We conclude some insights standing from the Marvel Studio perspective.
In the past 2 years, Marvel has brought out several good superhero movies along with some Disney + series. More importantly, Marvel has started to let different characters enter other’s movies. We believe this is a good way to increase the popularity of Marvel works. And the brand-new idea, “multiverse“, even made more plots and interesting interactions not only between different character but different versions of characters. Step on this idea, we use big data to identify the popularities on different characters to provide choices on Marvel’s next movie.
We can easily find the fluctuations on the discussion of different heroes. With the lightning fast response of Marvel fans on Reddit, we can have some ideas on how popular Marvel’s hero is. Wanda and vision, Loki and Spider-man are the most popular characters. Since we allow many heroes in one movie, we could manually increase the discussion heat of certain low discussed movies by letting the popular one in them. An example can be, making Wanda appear in the falcon and winter soldier. This may probably increase the of discussion of the movies among the audience. One of the benefits of this method is we can arose more public care on the LGBTQ+ and minority people since from the plot, many of minority topic movies do not gain a lot attentions, such as Shang-chi and Ms. Marvel.
On top of that, the discussion of Disney+ series has a weekly seasonality. And this makes the discussion lasts longer than the movies and we could see the popularity on the Disney+ series. Therefore, a good choice will be investing more Disney+ series in the future.
Another conclusion that might helpful for Marvel Studio is the correlation between IMDB rating of movie, sentiment of comments on Reddit, investment of the movie and the box office. We put the correlation in a heatmap to show how they are correlated.
As showed on the graph, the count of comments is highly correlated with box-office. That means the discussion heat of the movie is reflecting the box-office, and we may be able to use this correlation to predict the box-office if we have more available data. And this can be a good indication if we can gather the discussion heat when Marvel releases the spoiler and help the producer to know how the audience is going react when the movie releases. The reliability is proved by the correlation of the IMDB rating. The rating is highly correlated with both the count of comments on Reddit and the box-office. Therefore, using the count of comments as an indication could be a promising method.
We also apply some Machine Learning techniques in the project. For the first model, we use some features of the comment to fit the score. The score of a comment on Reddit is the count of Up Vote subtracts the count of Down Vote. We believe the score tells some Marvel fans’ value on Reddit and if this is caused by some comment features, modeling the score can be educative. We use Random Forest and Linear Regression to model the data. The result is very interesting. Some of the features tend to have some impact on the score.
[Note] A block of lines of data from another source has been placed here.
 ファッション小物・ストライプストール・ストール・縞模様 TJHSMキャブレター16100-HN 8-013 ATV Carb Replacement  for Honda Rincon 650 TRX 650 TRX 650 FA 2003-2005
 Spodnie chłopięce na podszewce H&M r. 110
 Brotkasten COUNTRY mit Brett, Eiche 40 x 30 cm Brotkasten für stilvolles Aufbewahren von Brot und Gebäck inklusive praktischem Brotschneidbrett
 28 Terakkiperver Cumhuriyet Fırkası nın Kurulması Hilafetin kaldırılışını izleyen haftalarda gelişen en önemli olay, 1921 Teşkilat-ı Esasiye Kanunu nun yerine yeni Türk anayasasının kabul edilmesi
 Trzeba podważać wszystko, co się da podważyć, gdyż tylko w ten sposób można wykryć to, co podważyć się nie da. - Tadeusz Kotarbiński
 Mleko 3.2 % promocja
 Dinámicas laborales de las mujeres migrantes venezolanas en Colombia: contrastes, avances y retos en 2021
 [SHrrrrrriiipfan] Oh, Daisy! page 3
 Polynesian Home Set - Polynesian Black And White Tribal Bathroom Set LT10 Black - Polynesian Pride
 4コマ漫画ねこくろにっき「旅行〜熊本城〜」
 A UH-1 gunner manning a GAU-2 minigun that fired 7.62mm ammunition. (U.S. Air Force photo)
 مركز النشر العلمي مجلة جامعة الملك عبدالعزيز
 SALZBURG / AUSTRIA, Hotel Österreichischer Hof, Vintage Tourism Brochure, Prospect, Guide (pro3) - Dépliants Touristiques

Sentiment of the comment plays an important role in the score in our Random Forest model. And whether mention Hulk, Thor, Ant-man and so on has a close relation to the score of the comment. This tells Marvel fans on Reddit pays attention on these heroes and from the Marvel Studio angle, it might be beneficial if they could focus on the audience’s feedback on these movies or series. Since the Radom Forest model is quite complicated, we also fit a Linear Model to check the coefficient. The coefficient tells us the some characters like Kamala Khan, Nick Fury, Captain Carter and Odin, when a comment mentions them, it is more likely to receive higher score. And when mentioned Sersi, Casey, gorr and red skull, the score is not high usually. Based on that, one of the suggestions for Marvel Studio is focusing more on the supporting characters, since most of the high score comments talked about them.
As the second part of our Machine Learning analysis, we use the result of sentimental analysis and the score data to fit the external IMDB Rating data. As mentioned above, the score can reflect the preference and recognition of posts by users. After generating the sentimental analysis, we calcualted the count of postive/neutral/negative posts for each media as another parameter to evaluate the attitude of Reddit users on each media. We set all these attributes as features and the IMDB Rating data for each media as target, using Linear Regression and Lasso Regression to find out the correlation between features and the target and compare the prediction performance of each model.
The result shows that the score has the greatest positive impact on IMDB Rating, which means that from this aspect, the review from Reddit users is consistent with the IMDB Rating. However, surprisingly, the positive post count has a negative correlation with the IMDB Rating while the count of negative posts has a positive one. The reason may because the sentiment of the posts may not only focus on the media quality, but also on some characters or plots of a work, so it can not fully present the reveiw and attitude on the whole media. Overall, from a marketing point of view, Reddit posts can act as another way to evaluate Marvel works.
In the future, we can continuously move further on this research. We can continue collect more data on different movies, they are not necessarily limited to Marvel movies, but can be any other movies that people love to talk about on other subreddits. Step on that, we can make a movie/series rating system based on the comments on Reddit. That would be different from other rating website like IMDB or Rotten Tomatoes. This system will rate a movie based on user’s comment, score, and the sentiment. This work should be promising since we have already had a linear model on the Marvel dataset. If we have the access of other movies Reddit data, we could utilize them to compare the reviews on different genres. This would be a good window to see which are the popular topics for the audience.